Chelsea nodded. “On that, we agree.” She stood, staring up at the sky. “I don’t like the feel of this place, Caleb. Something’s wrong. We should find our way to that port as soon as possible.”
“Then follow me!” Isabelle said excitedly, waving to them. She was now closer to the jungle with Lorelei and Delilah. “I know where the path starts!”
Caleb smiled as he took Chelsea’s hand. “Ready for an adventure?” he asked.
Chelsea smiled, shaking her head. “You’re like a little kid sometimes,” she said. “Just keep your eyes open, okay? If it’s really as dangerous as the kid says, we need to be careful.”
“Hey, what’d you do with your cats?” Isabelle asked Delilah.
“They’re called Felines,” Delilah said. She nodded towards the jungle. “I sent Redmond out to scout. Felix and Nekoma are in waiting. I can Summon them quickly if we need them, but if we’re trying to avoid fights, I should keep them away.”

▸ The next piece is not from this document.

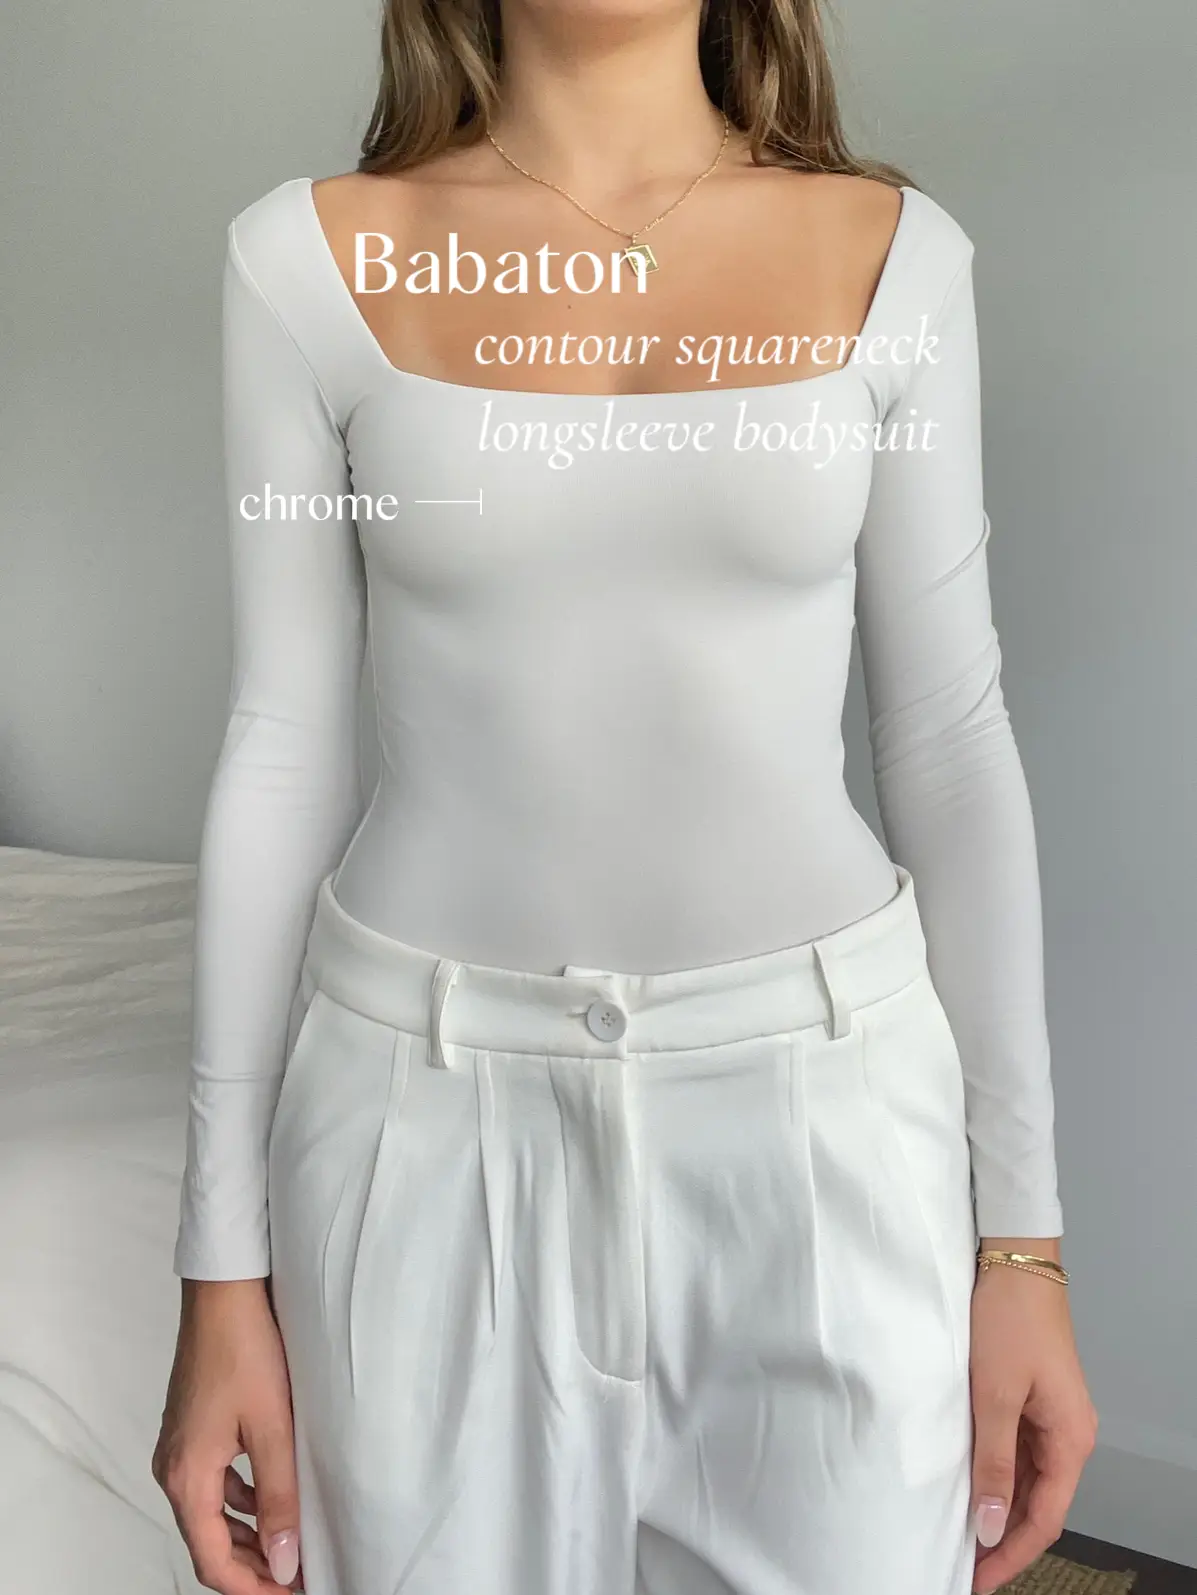 Babaton Contour Longsleeve Bodysuit  Body suit outfits, Uni outfits,  Clothes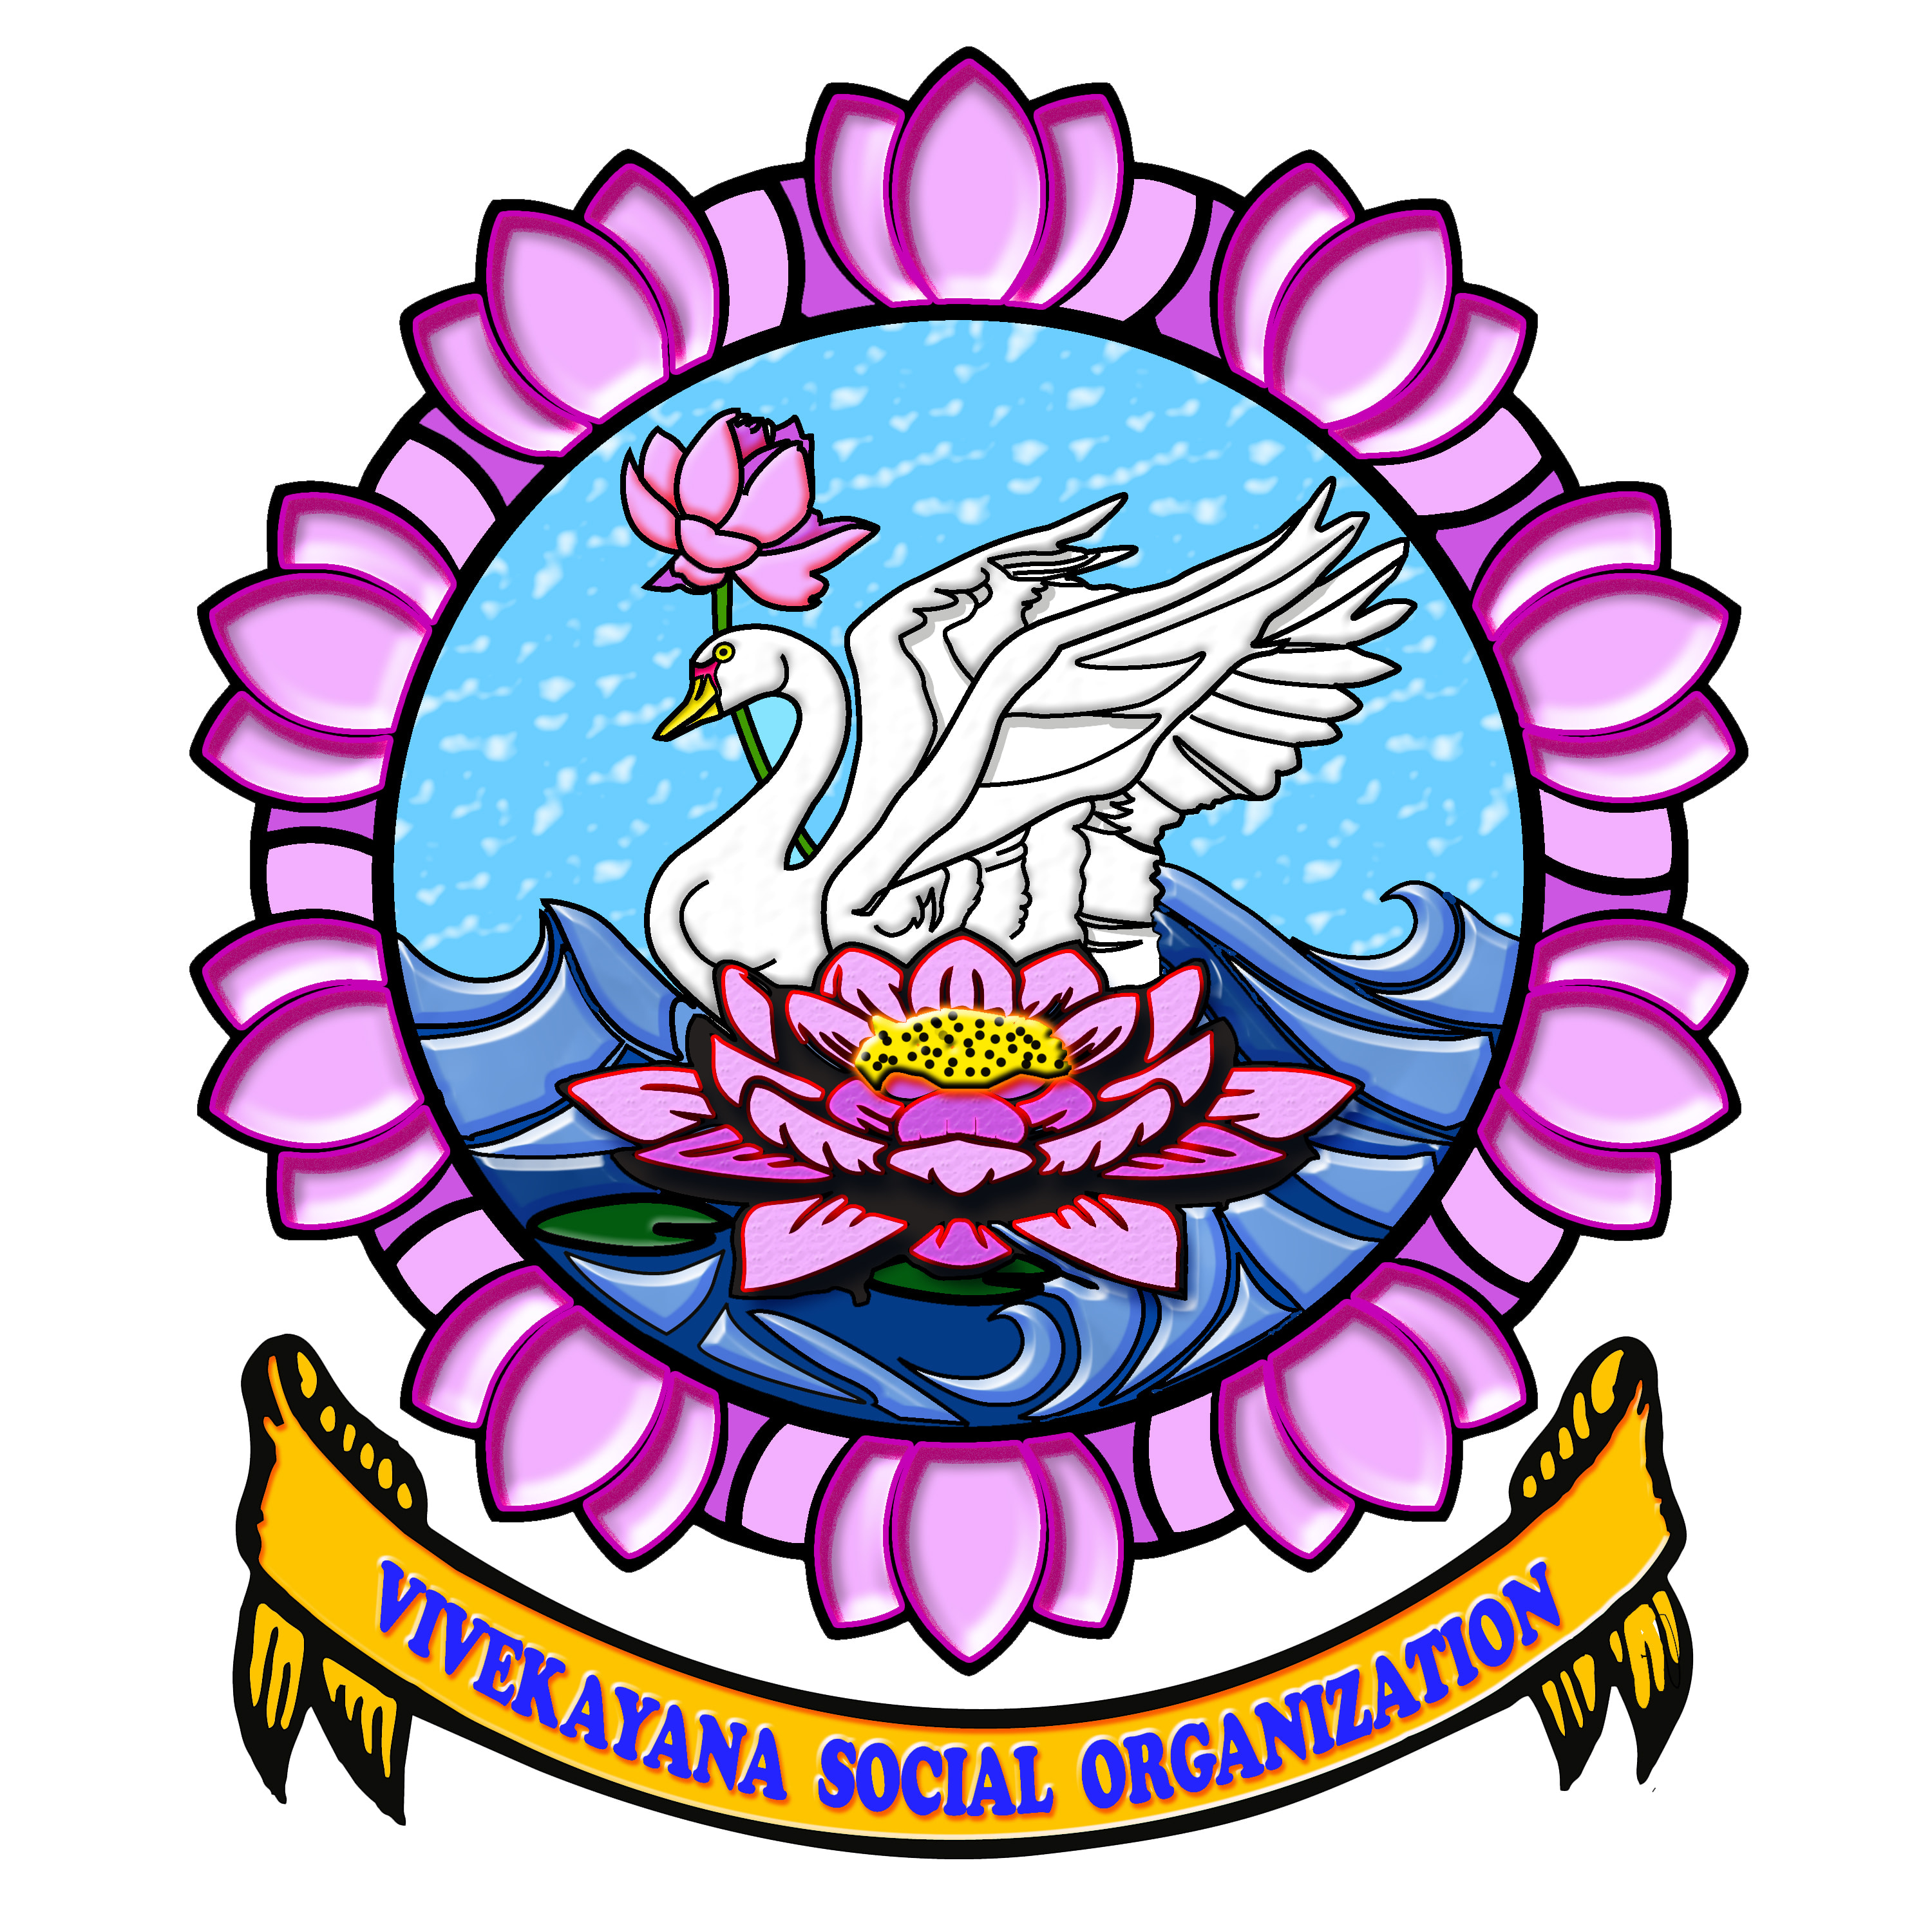 VIVEKAYANA SOCIAL ORGANIZATION

“Which one is Redmond?” Caleb asked, the names of these GFA characters flying way over his head.
“The archer,” Delilah said. She had a bit of a pep in her step as she followed Isabelle into the jungle. “He has a range of about three hundred yards from me. He’s also great at moving swiftly and silently.”
“Three hundred yards?” Caleb asked, staring wide-eyed at his little sister. “How the heck do you have such strong Summons already?”
Delilah looked away, a telltale sign that she was blushing. “I’ve been training a lot,” she said softly. “Started when I was ten.”
That explains everything. Most Hunters haven’t had much training before they start their internship — a lot of them take the field within a year. If she’s been training for four years… even if it’s only been by herself…
No wonder she’s strong.
“We need to stay quieter in here,” Isabelle said in a loud whisper, holding her finger to her lips. “Hollows mostly discover people through sound and smells. Their eyesight is pretty terrible.”
Caleb nodded in understanding. That was one advantage, then. With his ability to slow time, if things got especially hairy, he’d be able to make an opening for the five of them to escape.
Then again, he’d been overusing his Time Magic. He wasn’t sure just how much he’d be able to rely on it here.
Maybe just rely on quick reflexes and Containment Magic.
And running. Running’s good.
The jungle quickly grew dense. Caleb had walked the pine forests surrounding Grimoire, but this was a completely different experience. Staying to the path seemed to be unavoidable. Walls of seemingly unbreachable foliage closed in on them, and the light from the sky above was quickly blotted out. The darkness was thick and suffocating, and Delilah soon summoned Felix and Nekoma. The orange glow at their front and purple glow at their back helped keep things visible, but the unnatural light sources only added to the jungle’s mysterious and oppressive feel.
Not being able to talk was particularly difficult for Caleb. He was always ready to break the silence and lighten the mood with words and a smile. But now he had to stay silent, and he found his thoughts bouncing around at a furious rate, desperate to be vocalized.
Shut up, brain. You can’t talk all the time. Maybe that’s why some people call you annoying. You are kind of a chatterbo
x. Work on that.
Isabelle led the way, with Lorelei close behind her. Next was Chelsea, then Caleb, with Delilah behind him. Chelsea looked on edge. She had each of her lighters in hand, and was constantly peering through the walls of leaves and vines and branches on either side with an intense gaze.
Lorelei looked at ease. She kept an eye on Isabelle, almost like she was looking over a little sister. Isabelle was focused, but still had her usual pep and curiosity, conveyed completely through body language. When they came to a fork in the path, Isabelle was decisive, energetically pointing out the way to go.